PS: Before I read everyline, I replace a character and save the file.txt to file.txt.tmp. I then read this file to get file_new.txt. I don't know if it causes any problem to the original file encoding.
f1 = codecs.open(tsvpath, 'rb',encoding='iso-8859-1')
f2 = codecs.open(tsvpath + '.tmp', 'wb',encoding='utf8')
for line in f1:
f2.write(line.replace('\"', '\''))
f1.close()
f2.close()
In the below example, I've utf-8 encoded persian data which is right but the other non-enlgish text is coming out to be in "question marks". This is precisely my problem.
Example : Removed.
Welcome to the wonderful world of unicode and windows. I've found this site very helpful in understanding what is going wrong with my strings http://www.i18nqa.com/debug/utf8-debug.html. The other thing you need is a hex editor like HxD. There are many places where things can go wrong. For example, if you are viewing your files in a text editor - it may be trying to be helpful and is silently changing your encoding.
Start with your original data, view it in HxD and see what the encoding is. View your results in Hxd and see if the changes you expect are being made. Repeat through the steps in your process.
Without your full code and sample data, its hard to say where the problem is. My guess is your replacing the double quote with single quote on binary files is the culprit.
Also check out The Absolute Minimum Every Software Developer Absolutely, Positively Must Know About Unicode and Character Sets (No Excuses!)
by Joel Spolsky
Try this instead:
line = line.decode('ISO-8859-1').encode('utf-8-sig')
From the docs:
As UTF-8 is an 8-bit encoding no BOM is required and any U+FEFF
character in the decoded string (even if it’s the first character) is
treated as a ZERO WIDTH NO-BREAK SPACE.
Without external information it’s impossible to reliably determine
which encoding was used for encoding a string. Each charmap encoding
can decode any random byte sequence. However that’s not possible with
UTF-8, as UTF-8 byte sequences have a structure that doesn’t allow
arbitrary byte sequences. To increase the reliability with which a
UTF-8 encoding can be detected, Microsoft invented a variant of UTF-8
(that Python 2.5 calls "utf-8-sig") for its Notepad program: Before
any of the Unicode characters is written to the file, a UTF-8 encoded
BOM (which looks like this as a byte sequence: 0xef, 0xbb, 0xbf) is
written. As it’s rather improbable that any charmap encoded file
starts with these byte values (which would e.g. map to
LATIN SMALL LETTER I WITH DIAERESIS RIGHT-POINTING DOUBLE ANGLE
QUOTATION MARK INVERTED QUESTION MARK in iso-8859-1), this increases
the probability that a utf-8-sig encoding can be correctly guessed
from the byte sequence.

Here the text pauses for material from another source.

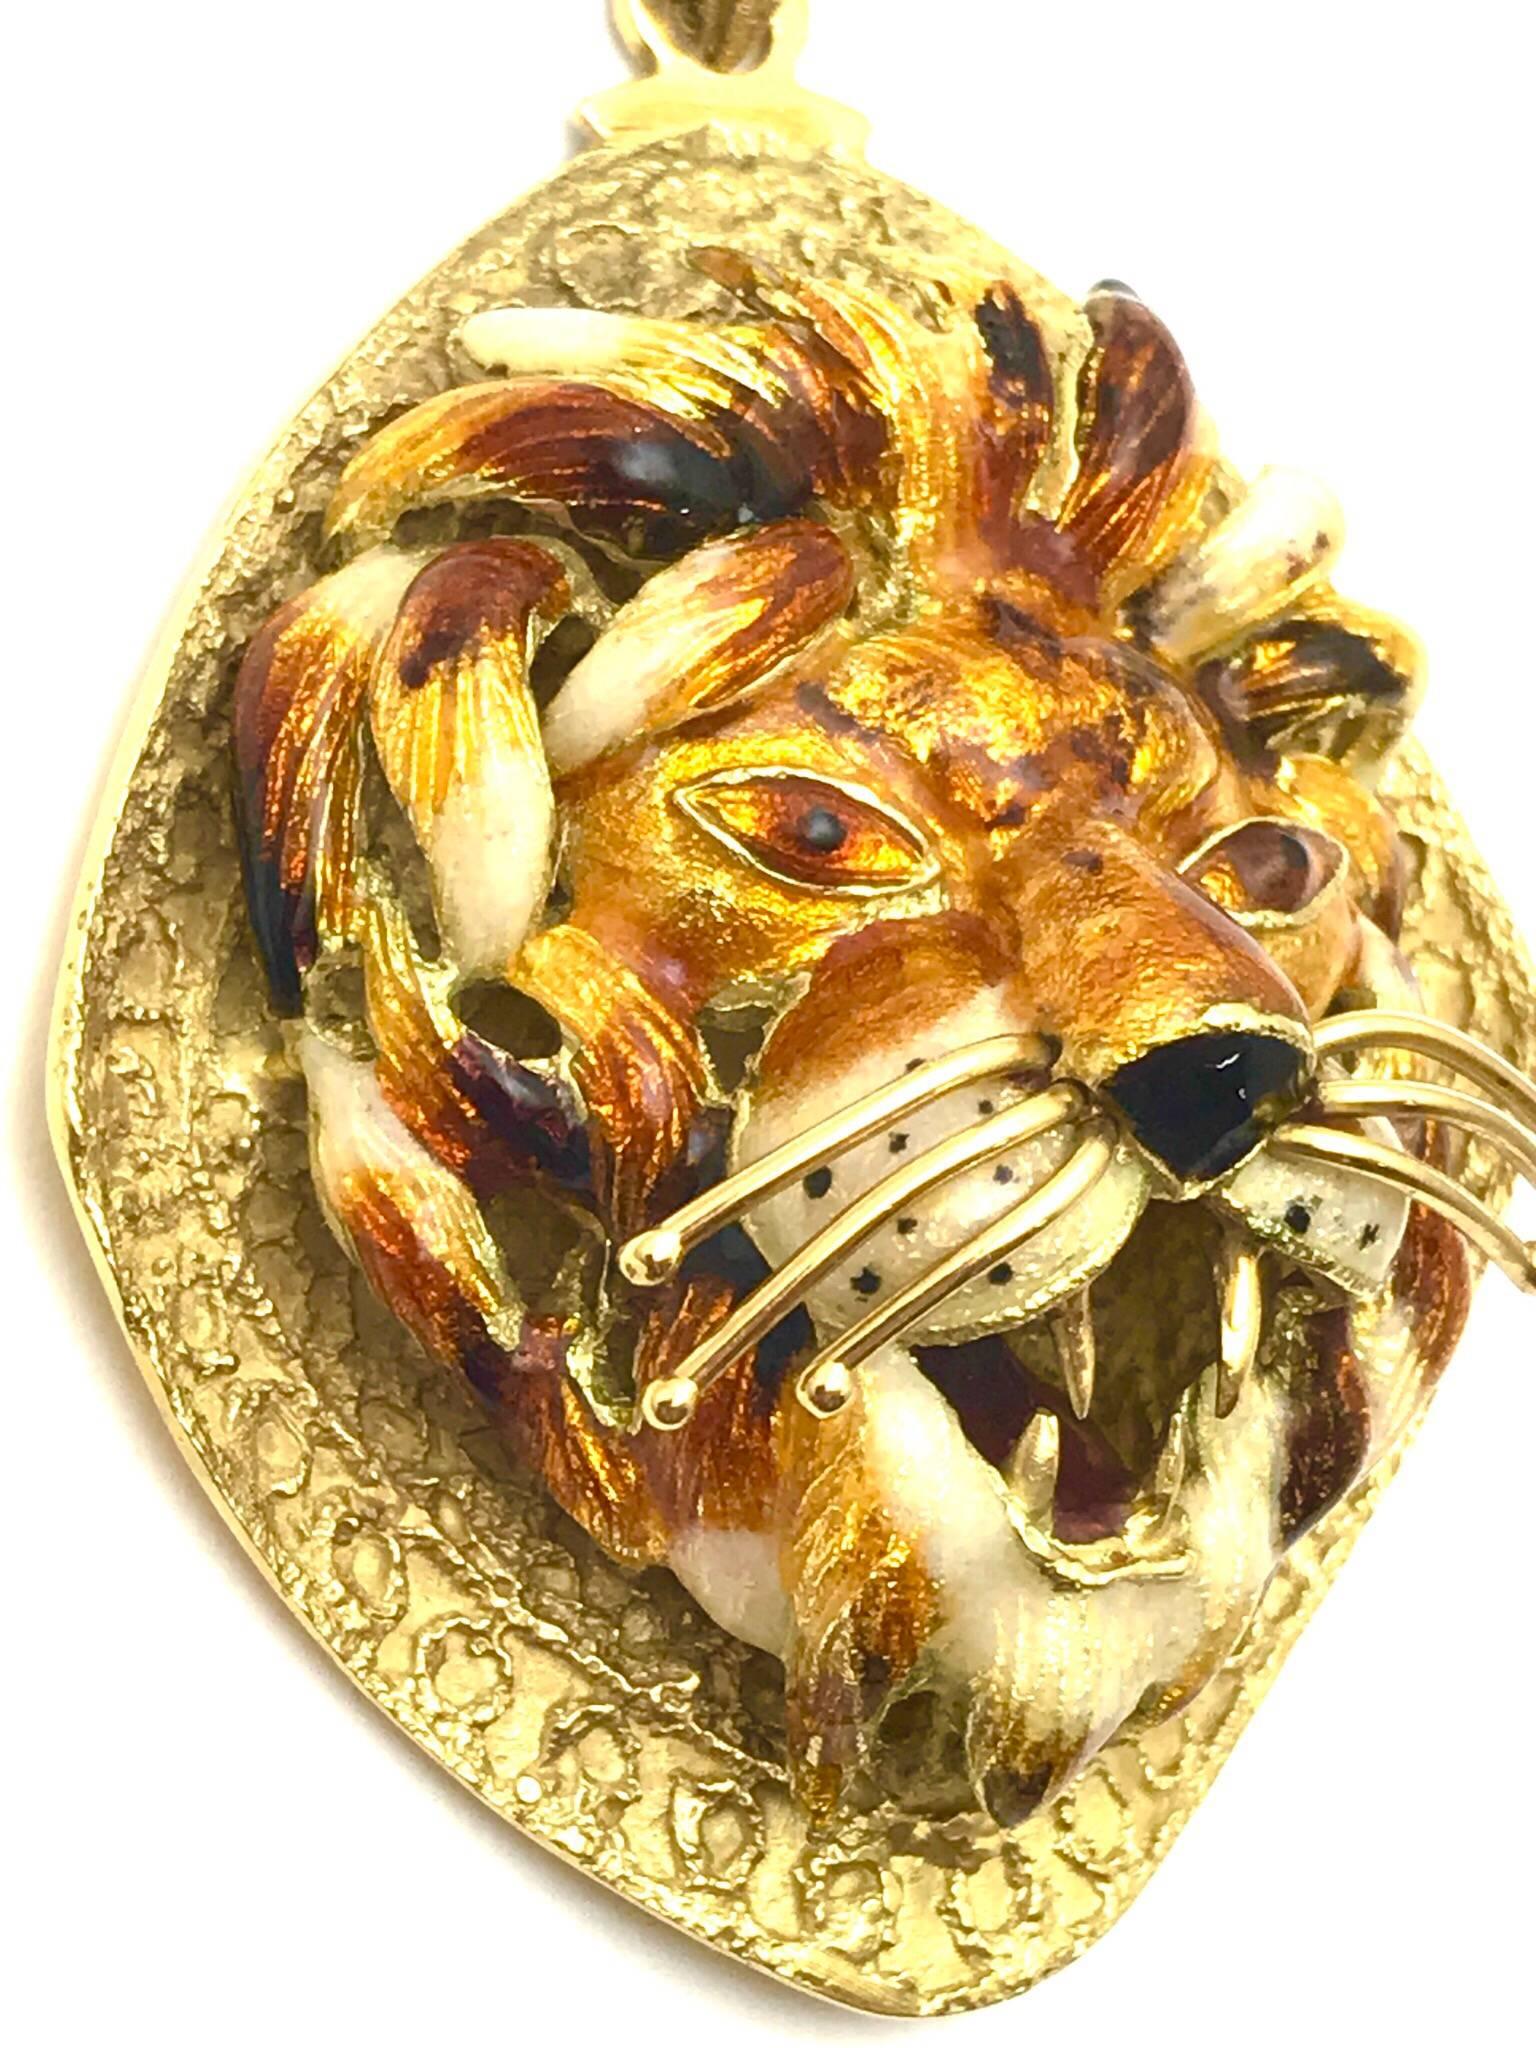 18kt yellow gold enamel lion has been designed with varying shades of reds, orange, yellow and white enamel. Italian in origin, the fine workmanship is indicative of a specialized talent and craftsmanship. The lions eyes has been are black and

So here the BOM is not used to be able to
determine the byte order used for generating the byte sequence, but as
a signature that helps in guessing the encoding. On encoding the
utf-8-sig codec will write 0xef, 0xbb, 0xbf as the first three bytes
to the file. On decoding utf-8-sig will skip those three bytes if they
appear as the first three bytes in the file. In UTF-8, the use of the
BOM is discouraged and should generally be avoided.
Source: https://docs.python.org/3.5/library/codecs.html
EDIT:
Sample:
"Hello World".encode('utf-8') yields b'Hello World' while "Hello World".encode('utf-8-sig') yields b'\xef\xbb\xbfHello World' highlighting the docs:
On encoding the
utf-8-sig codec will write 0xef, 0xbb, 0xbf as the first three bytes
to the file. On decoding utf-8-sig will skip those three bytes if they
appear as the first three bytes in the file.
Edit:
I have made a similar function before that converts a file to utf-8 encoding. Here is a snippet:
def convert_encoding(src, dst, unicode='utf-8-sig'):
return open(dst, 'w').write(open(src, 'rb').read().decode(unicode, 'ignore'))
Based on your example, try this:
convert_encoding('file.txt.tmp', 'file_new.txt')
Alright guys, so my encoding was right. The file was getting encoding to utf-8 just as needed. All the queries were right. It turns out that the other dataset that was in Arabic was in ISO-8859-1. Therefore, only 1 of them was working. No matter what I did.
The Hexeditors did help. But in the end I just used sublime text to recheck if my encoded data was utf-8. It turns out the python script and the sublime editor did the same. So the code is fine. :)
You should not need to do any explicit encode or decode. SET NAMES ... should match what the client encoding is (for INSERTing) or should become (for SELECTing).
MySQL will convert between the client encoding and the columns's CHARACTER SET.

Half character? - Accents encoding issue

I'm currently facing a very strange encoding issue when dealing with an html source code.
I got the following line:
"requête présentée par..."
When an extern library does an utf8_decode I got:
"reque^te présente´e par..."
So accents are placed right to the accented characters. If I do an utf8_encode from that result, I don't get the original "requête présentée par..." but I keep having "reque^te présente´e par..."
Even stranger: If I open the original html in Notepad++, encoding is utf8 without BOM (so far, so good) but I can actually select half of the character with the text selection (keyboard or mouse). Yes, half of it. As if the real code was "e^" but it was displayed as "ê". When I try to copy it to my IDE it copies "ê" but pastes "e^".
I have come up with a basic replacement function:
"e^" => "ê",
"e´" => "é",
...
and some other french cases, and it's working properly for now.
But as the HTML comes in differents languages, I'm pretty sure I won't be able to successfully replace every character under this encoding issue.
Has anybody face this issue before and (hopefully) has a more general solution?
Thanks in advance.
It sounds like your HTML source is using Combining characters. That is, instead of using a single unicode character to represent the ê, it's using first a regular e and then a combining character to add the diacritic ^. You can verify this with a hex editor to see the character codes, in this case the combining circumflex is hex code 0302.
See also Unicode equivalence.

"php include" strange characters in the generator xml "'╗ ┐' ╗ ┐"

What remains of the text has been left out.